Die Anfänge: Herstellung des Fiebersenkers Phenacetin bei Bayer in Elberfeld im Jahr 1888
Die Anfänge: Herstellung des Fiebersenkers Phenacetin bei Bayer in Elberfeld im Jahr 1888Bild: Foto: Bayer AG/dpa

Weil man daran interessiert war, den Arbeitern einen kurzen Arbeitsweg zu ermöglichen (Pendeln war seinerzeit zudem keine Option), baute man die Siedlungen in unmittelbarer Nähe zur Fabrik. So wuchsen die Ortschaften zu Städten heran, schließlich wurde daraus das heutige Leverkusen. Bis heute findet sich deswegen die Wohnbebauung der Stadt in unmittelbarer Nähe zu den Werken. Gleichzeitig lieferte die Industrie immer mehr Arbeitsplätze, was in Städten wie Köln für Zuzug sorgte. 

Während des sogenannten Wirtschaftswunders der Nachkriegsjahre wuchsen die im Rheinland angesiedelten Konzerne erheblich. Um die Jahrhundertwende gingen aus Umstrukturierungen der bis dahin einzelnen Chemiewerke und Betriebe sogenannte Chemieparks hervor. Die Idee: Auf einem Standort bündeln verschiedene Unternehmen ihre Produktion, nutzen Synergien, schaffen die nötige Infrastruktur - mit Erfolg.

Exportschlager Chemieparks

"Das Modell der deutschen Chemieparks ist ein Exportschlager", weiß Ernst Grigat. Der promovierte Chemiker leitete über zehn Jahre den "Chempark" mit den Werken in Leverkusen, Dormagen und Krefeld-Uerdingen. In China seien über tausend Chemieparks nach deutschem Vorbild gebaut worden, sagt Grigat. Denn die Ballung von Expertise und Ressourcen ermögliche ein besseres Sicherheits- und Umweltmanagement.

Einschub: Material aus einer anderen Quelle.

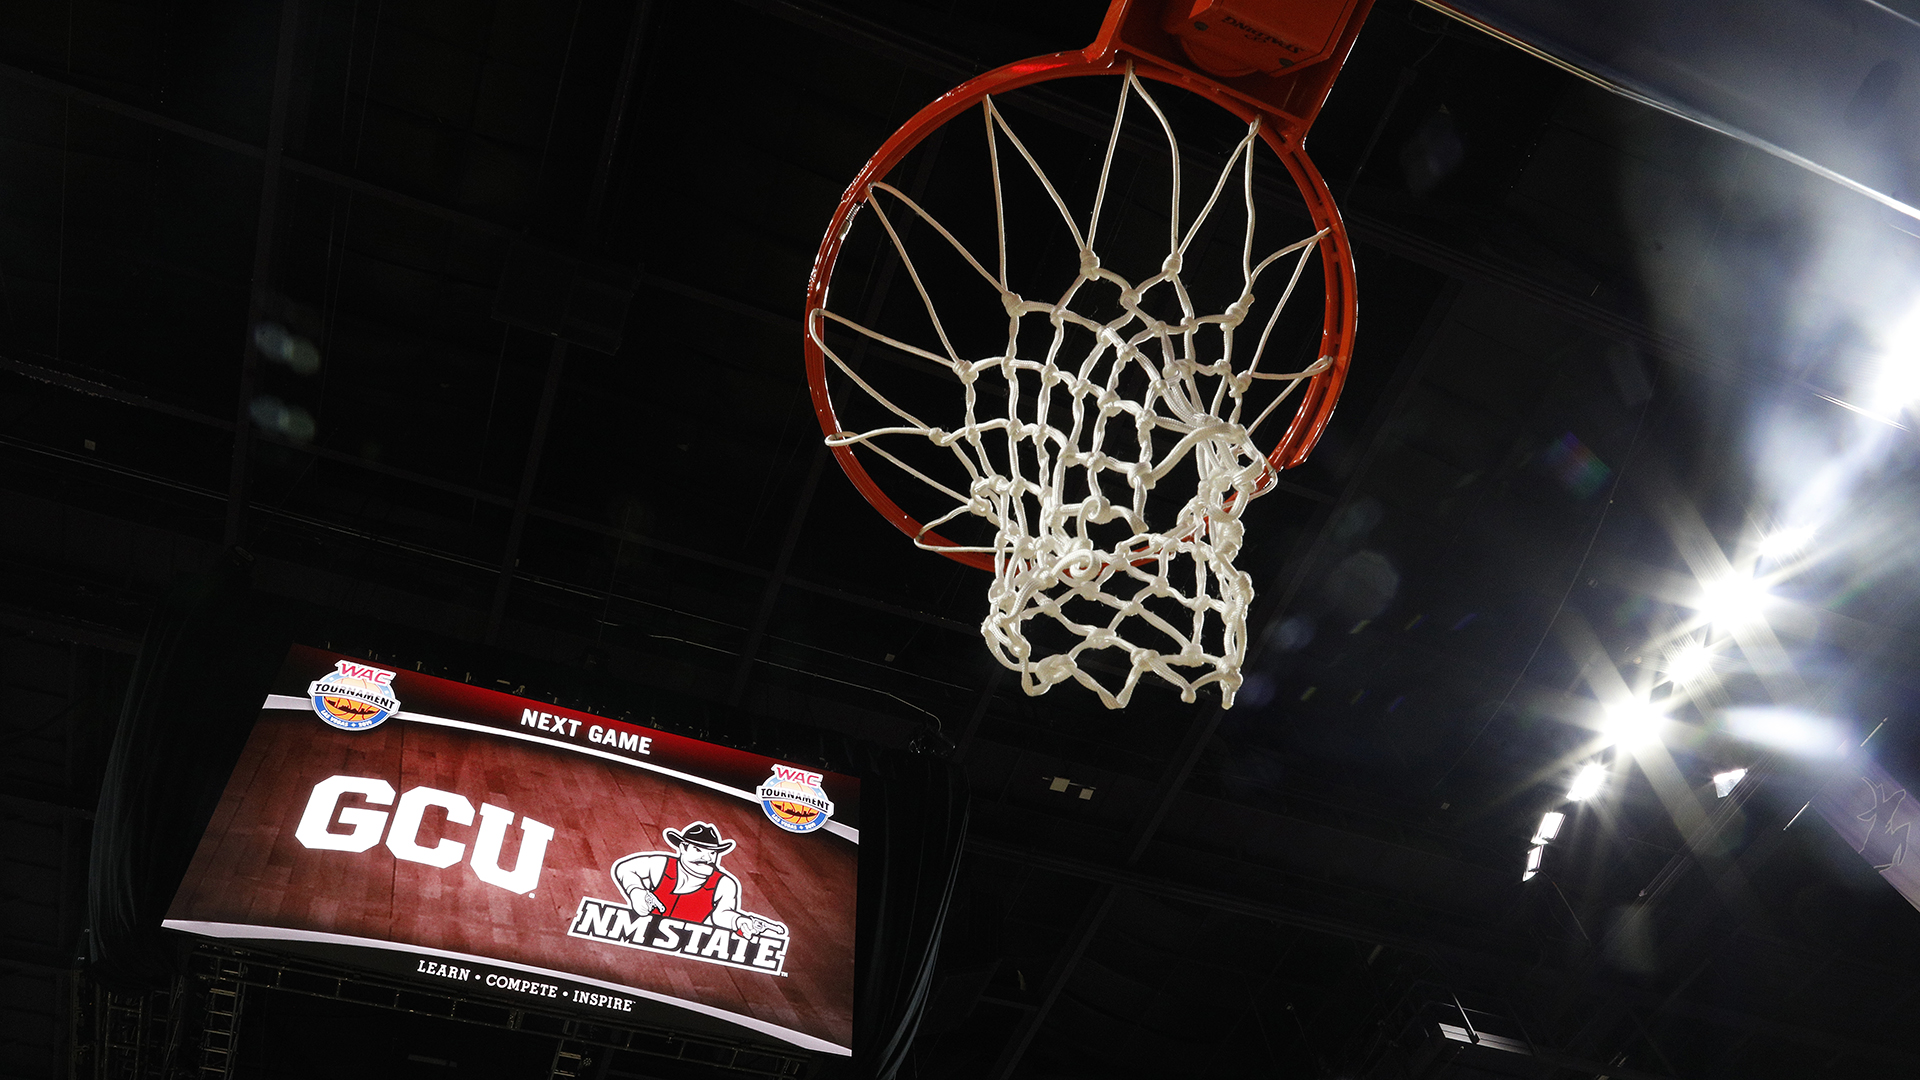 The basketball hoops are shown before the championship game of the Western Athletic Conference basketball tournament between the Grand Canyon Lopes and the New Mexico State Aggies at the Orleans Arena on March 16, 2019 in Las Vegas, Nevada.

Karte Explosion Chempark Leverkusen
Lage der Standorte des Chemparks

Zudem hat die Chemieregion im Rheinland einen weiteren Wettbewerbsvorteil. Die Dichte der Chemieparks ermöglicht den Werken, auch untereinander zu kooperieren, sagt Grigat. "Es gibt einen sehr starken Verbund zwischen den rheinischen Werken, zwischen Dormagen, Leverkusen und Wesseling." Dazu hat der Standort Zugang zu Seehäfen, befindet sich an einer Schnittstelle vieler europäischer Verkehrsachsen und ist an ein einzigartiges Pipeline-System angebunden, durch das 50 Prozent aller Stoffe transportiert werden können. "Der Kölner weiß das vielleicht nicht", sagt Grigat "aber Köln ist die Chemiehauptstadt Deutschlands, vielleicht sogar Europas."

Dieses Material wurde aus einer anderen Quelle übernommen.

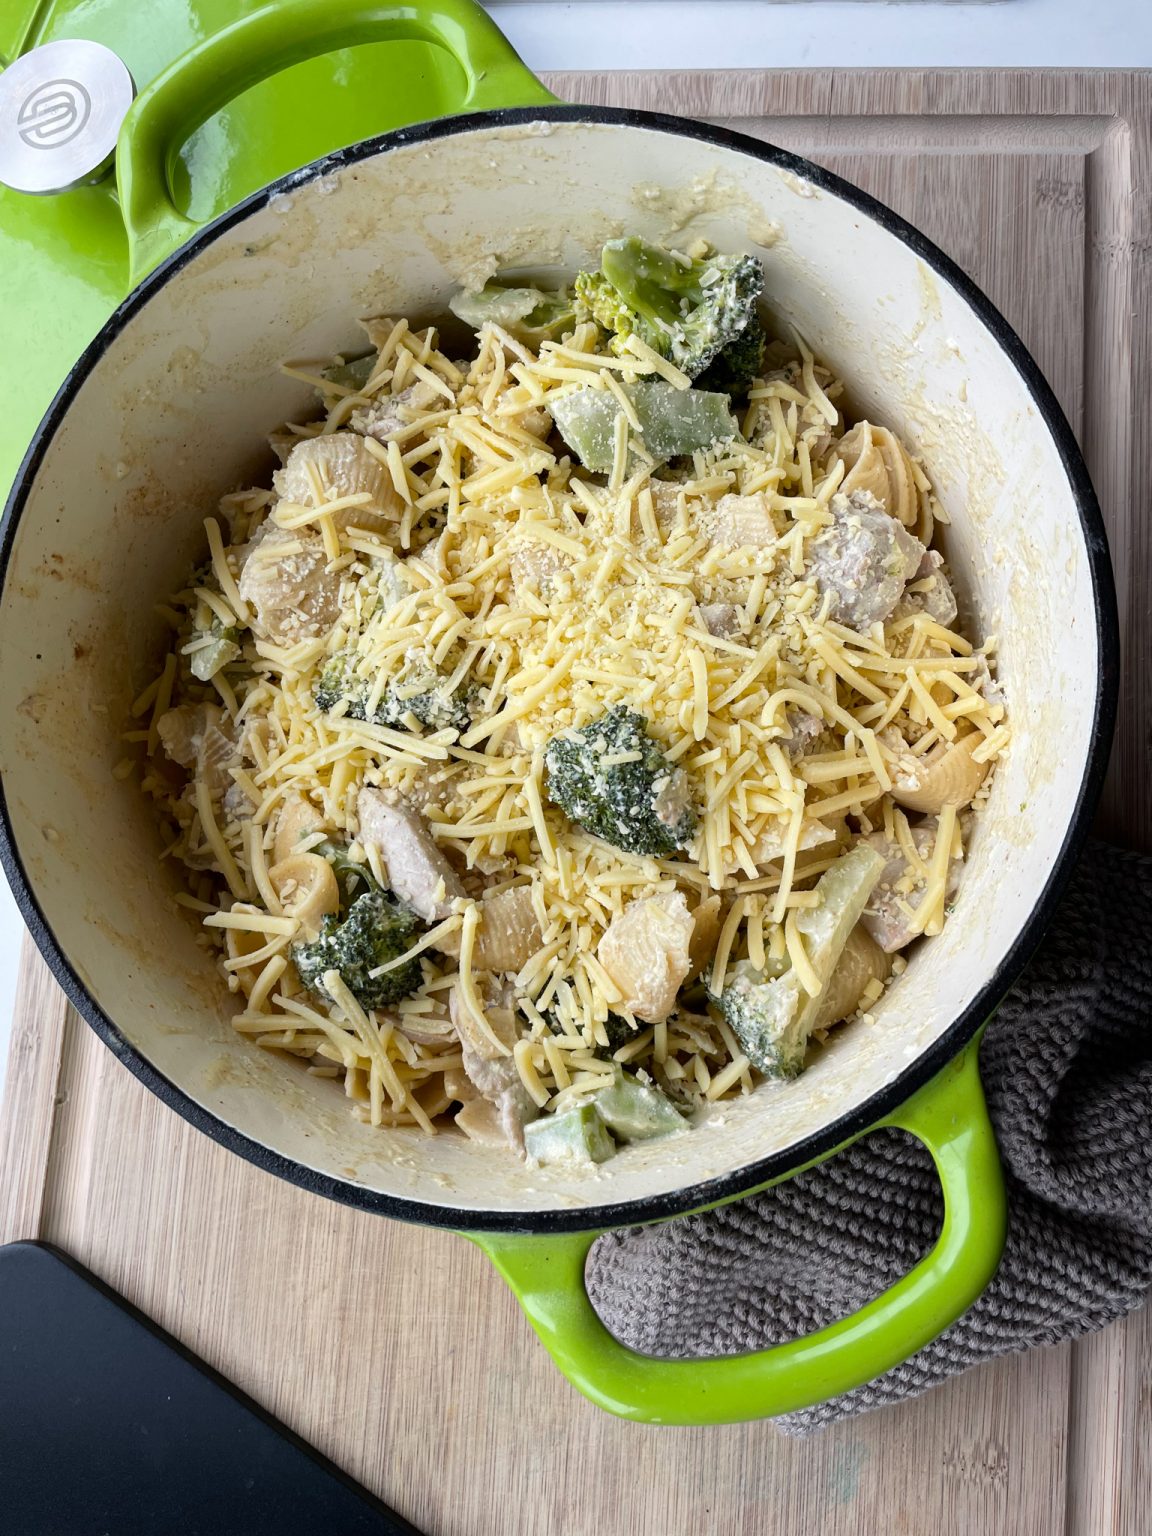 Chicken and Broccoli Pasta Bake - The MacPherson Diaries

Deutschland Brand im Chemiepark Leverkusen
Schon im November 2016 gab es einen Brand im Chempark LeverkusenBild: picture-alliance/dpa/O. Berg

Aber ist das nicht gefährlich, Chemieproduktion so nah an der Stadt? Nicht unbedingt, meint Ernst Grigat. Natürlich entstünden in der Chemie Zwischenprodukte, die gefährlich sein könnten. Aber ein wesentlicher Vorteil der Chemieparks sei, dass dort die nötigen Sicherheitsstrukturen wie speziell im Umgang mit Gefahrstoffen geschulte Werksfeuerwehren vorhanden seien. Neue Unternehmen siedelten sich deswegen nun direkt in den Chemieparks an, um sich rechtlich abzusichern. Auch Fabriken, die einst in einem Industriegebiet angesiedelt waren, heute jedoch aufgrund des Städtewachstums auf einmal mitten in der Stadt liegen, bevorzugten einen Umzug in einen Chemiepark. Und die seien, so Grigat, häufig so groß geplant, dass trotz der Nähe zu Wohnsiedlungen die Sicherheitsstandards gewahrt werden können.